Sunday, March 28, 2010

Okay! Do NOT ask me to play opening and closing for the stake music fireside, then say "I assume you'll need to do prelude and after too" instead of asking, then call me and say "since you're playing anyway, will you accompany this other woman singing" if it's not actually a music fireside. I have reasons why I do not attend singles firesides, and I do not appreciate being blindsided that way. Upside is, I will not feel even slightly guilty for telling you no for the rest of my life. Good job!

To say nothing of the ongoing argument with the woman I accompanied. She was convinced my copy of the song was a different arrangement than hers. Which, no. Exact same one. And saying "I really think it's just a little bit different" over and over does not make you right, honey. I promise.

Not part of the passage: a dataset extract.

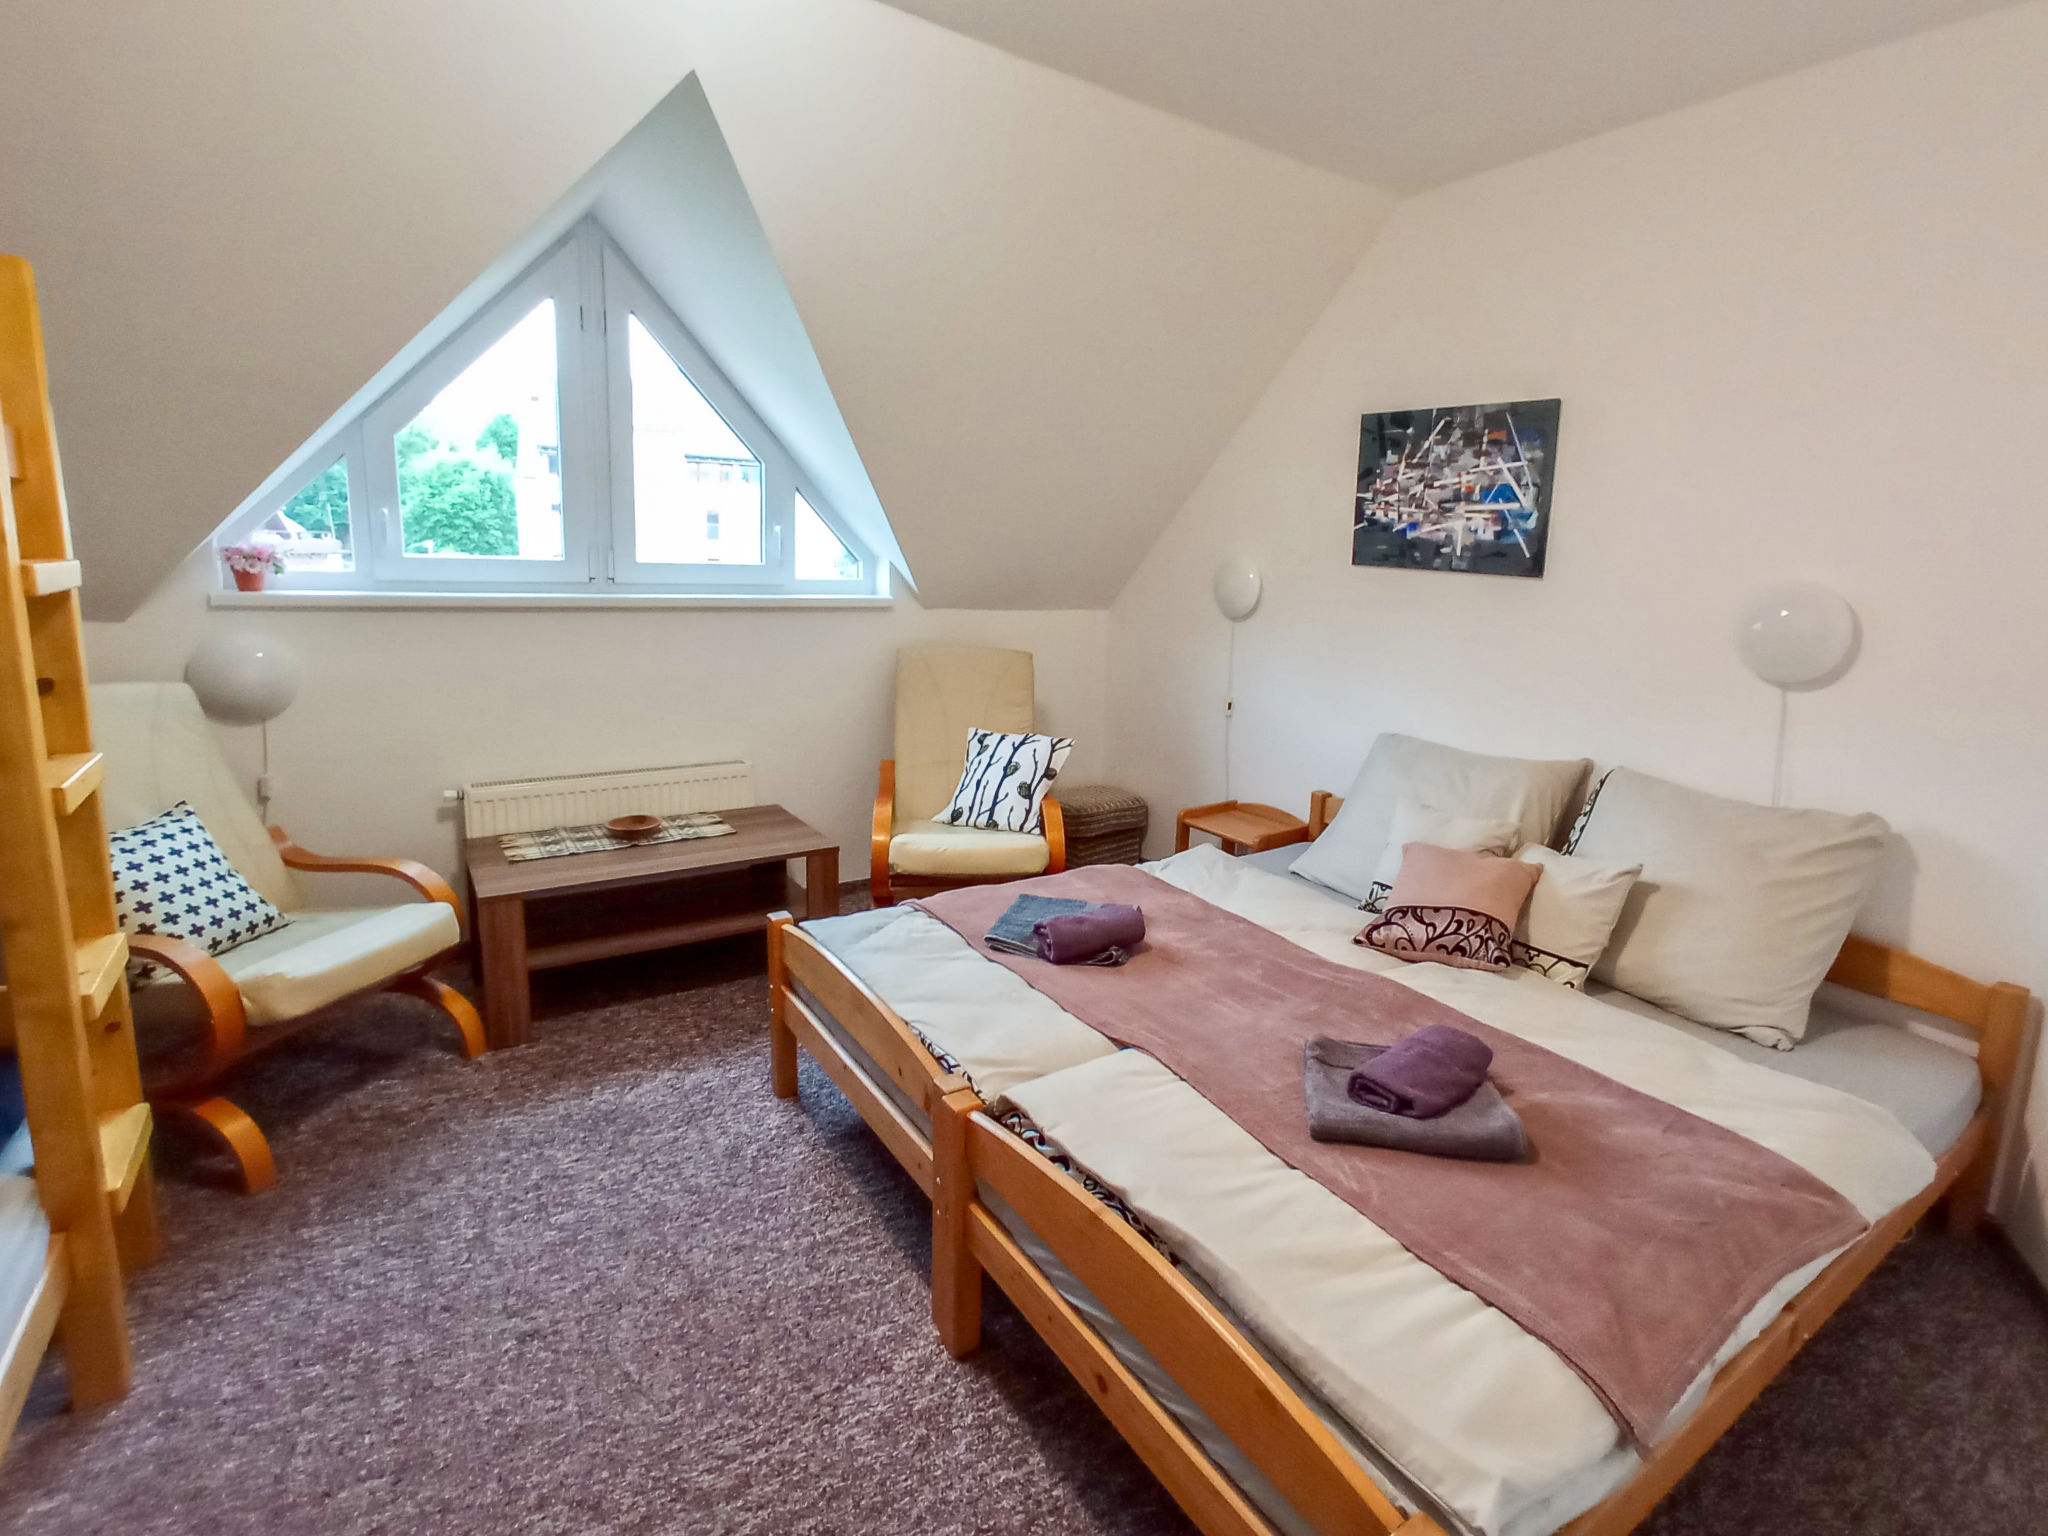 Foto 3 - Apartment mit 1 Schlafzimmer in Harrachov
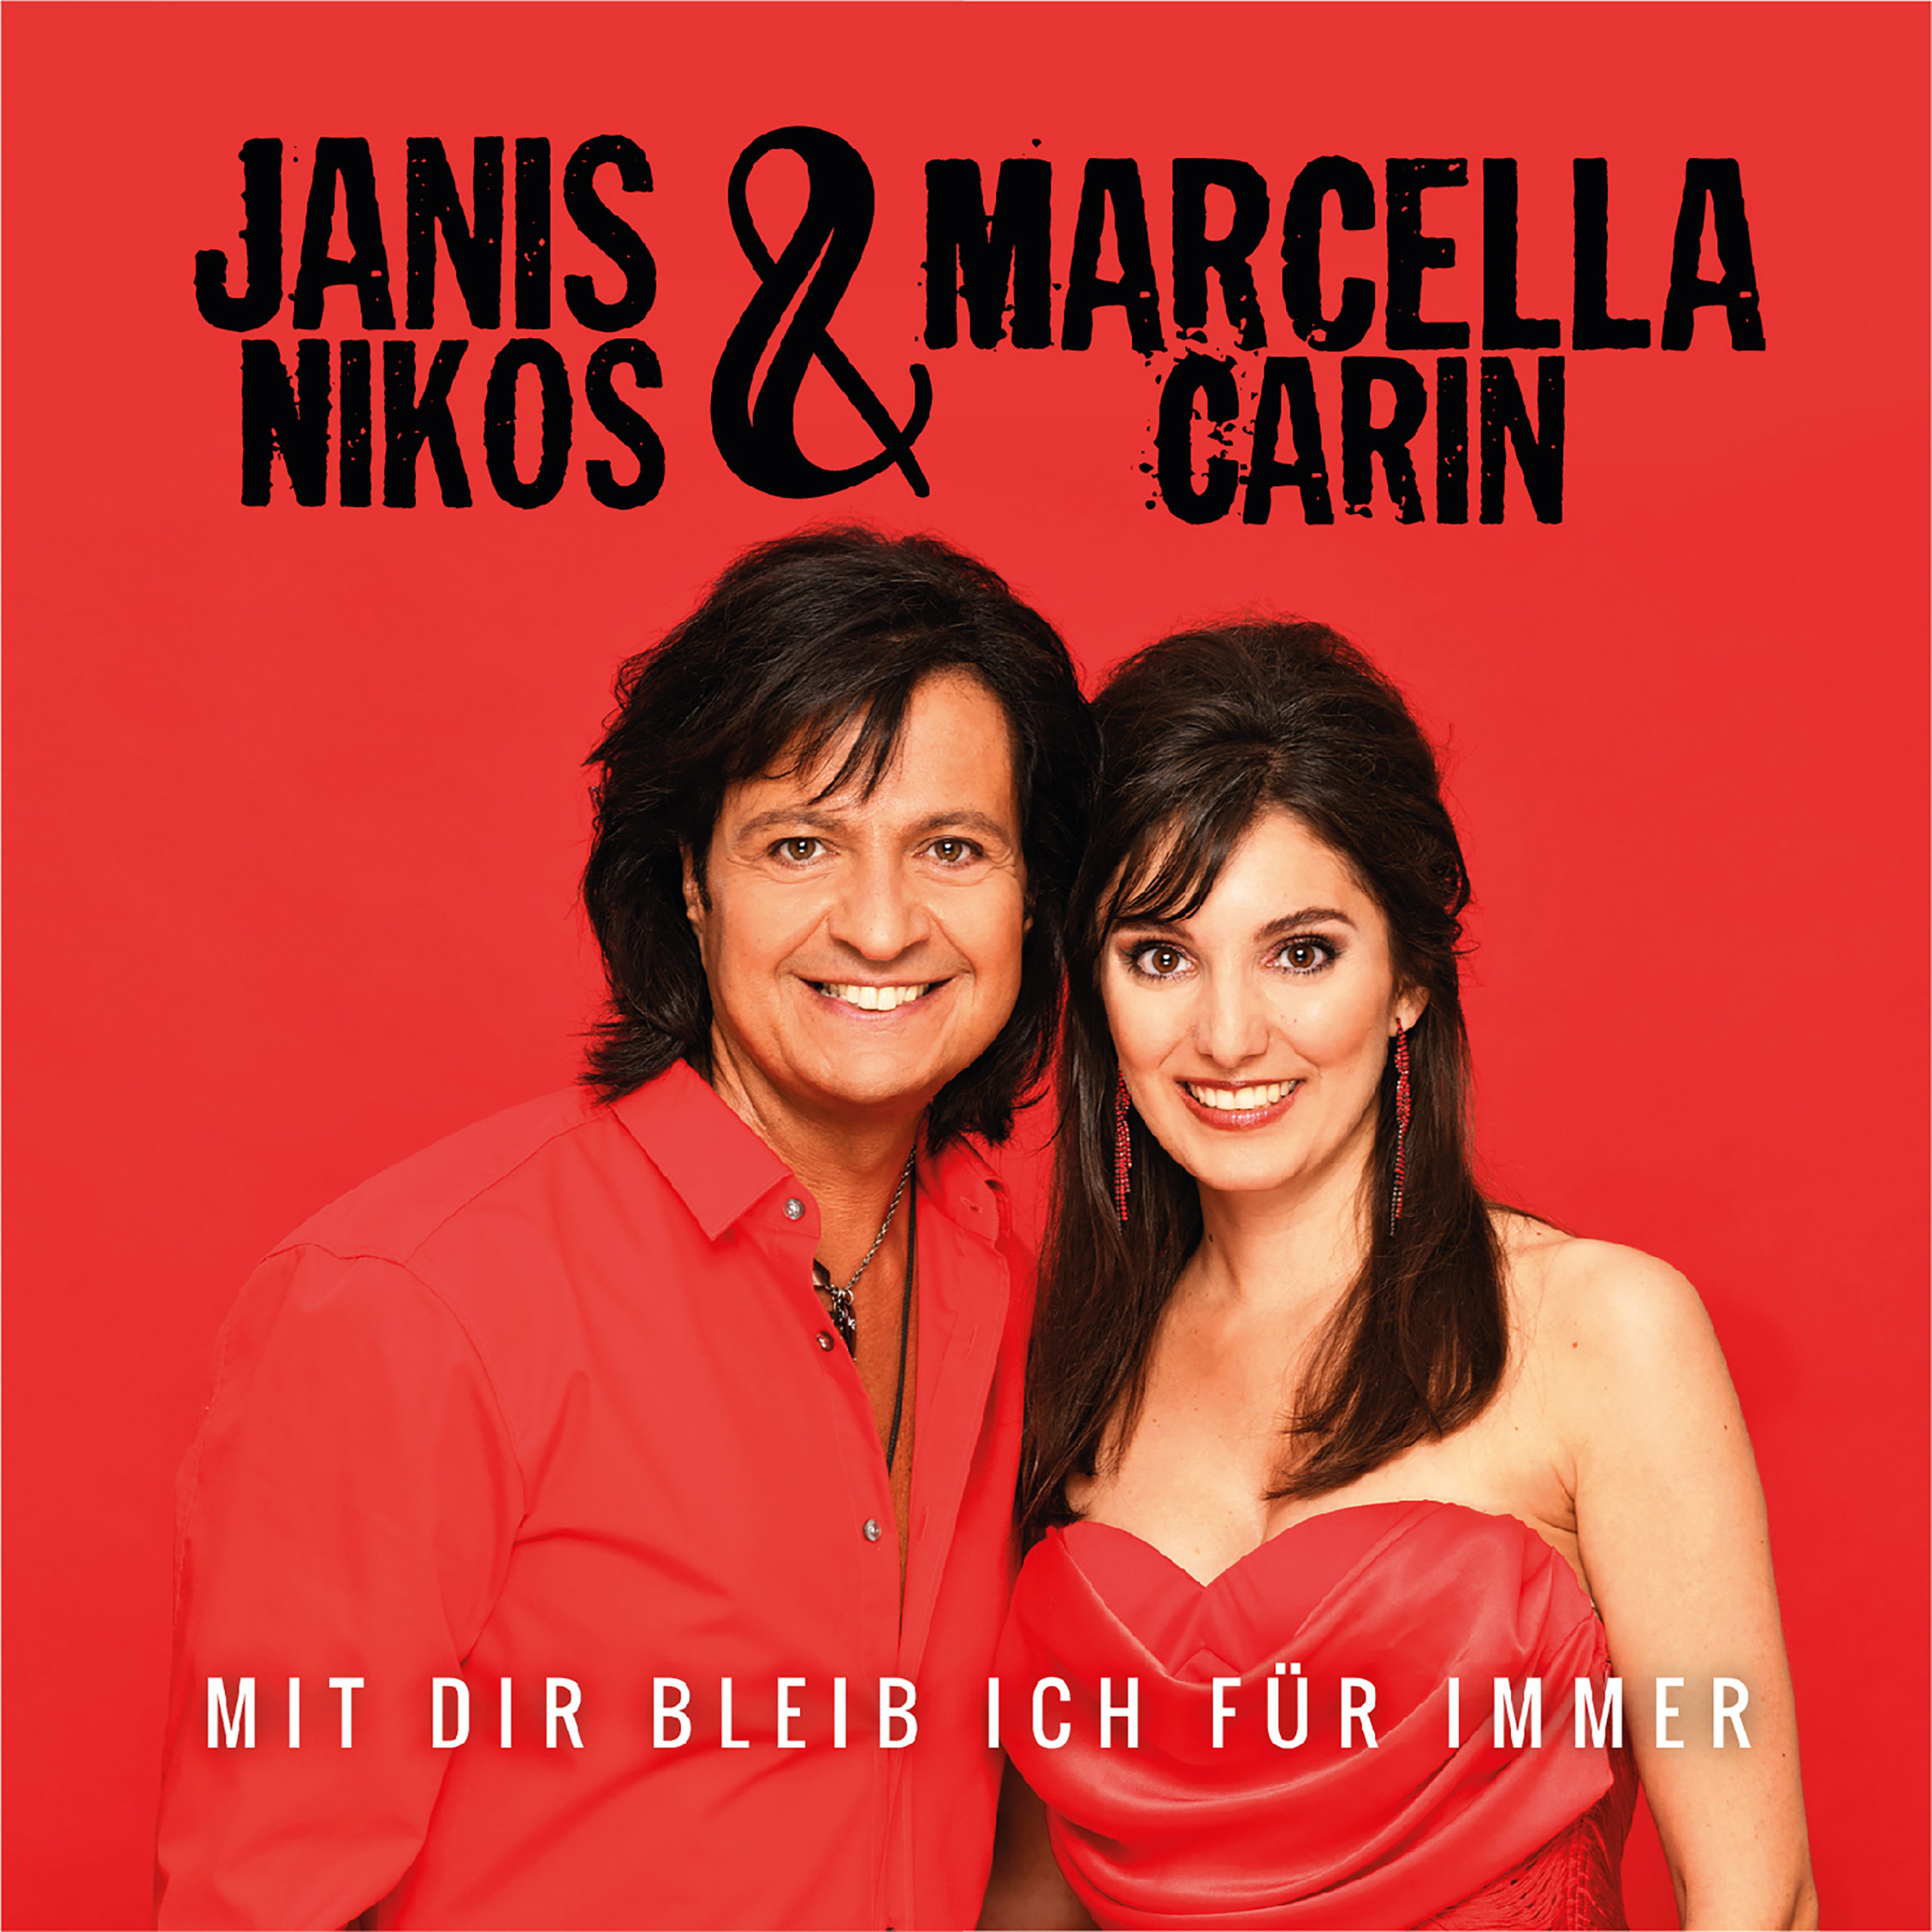 JANIS NIKOS & MARCELLA CARIN * Mit dir bleib ich für immer ((We\\\'re Gonna Stay Together))  (Download-Track)

I miss you, Kamille. I wish you were still in my ward.

Sunday, March 7, 2010

I have mixed feelings about our choir concerts last night and Friday night. They were magnificent - the best we've ever done, I think. Our guest artist was Jenny Oaks Baker, who is an unbelievably talented musician, and we rose to the occasion. I feel blessed to have been part of that experience, frankly.

But we're losing our director, and those were his last. I had thought he was going to do our Easter and Summer concerts too, finish out the season, but something apparently changed and he couldn't finish out. He's a wonderful director and it won't be the same without him. We'll all miss him. The associate director will miss him the most, of course - she's known him for years, was at the Y in the music program too, and has worked closely with him here - but we'll all miss him. We don't know who will replace him, either. I don't think the board has any idea yet.

And the hits keep coming.

Friday, March 5, 2010

We're going to lose my great-aunt's Steinway grand.

She earned a doctorate in piano performance from the University of Utah. Her parents bought that piano in the 30's. She played it and cherished it every single day for over seventy years. As she aged and lost dexterity, she didn't play as often, but she still played and still loved her piano.

Last year she told my mother that my grandfather, her brother, had threatened to take it away from her. The day she died, he called someone in town to ask how to get it appraised. He and his new wife have gone through so much money and have bought so much crap that he's in an obscene amount of debt and still looking for more ways to get more money to spend. He's going to sell her piano. If one of us wanted to keep it, we would have to buy it from him. No one has space for a grand piano, either. I knew it was impossible, but I wanted that piano so much.

We're going to lose it. It's more than my own selfish desire to have it - it's a family heirloom. It was the one thing Ruth cherished above everything else she ever owned. And we're going lose it.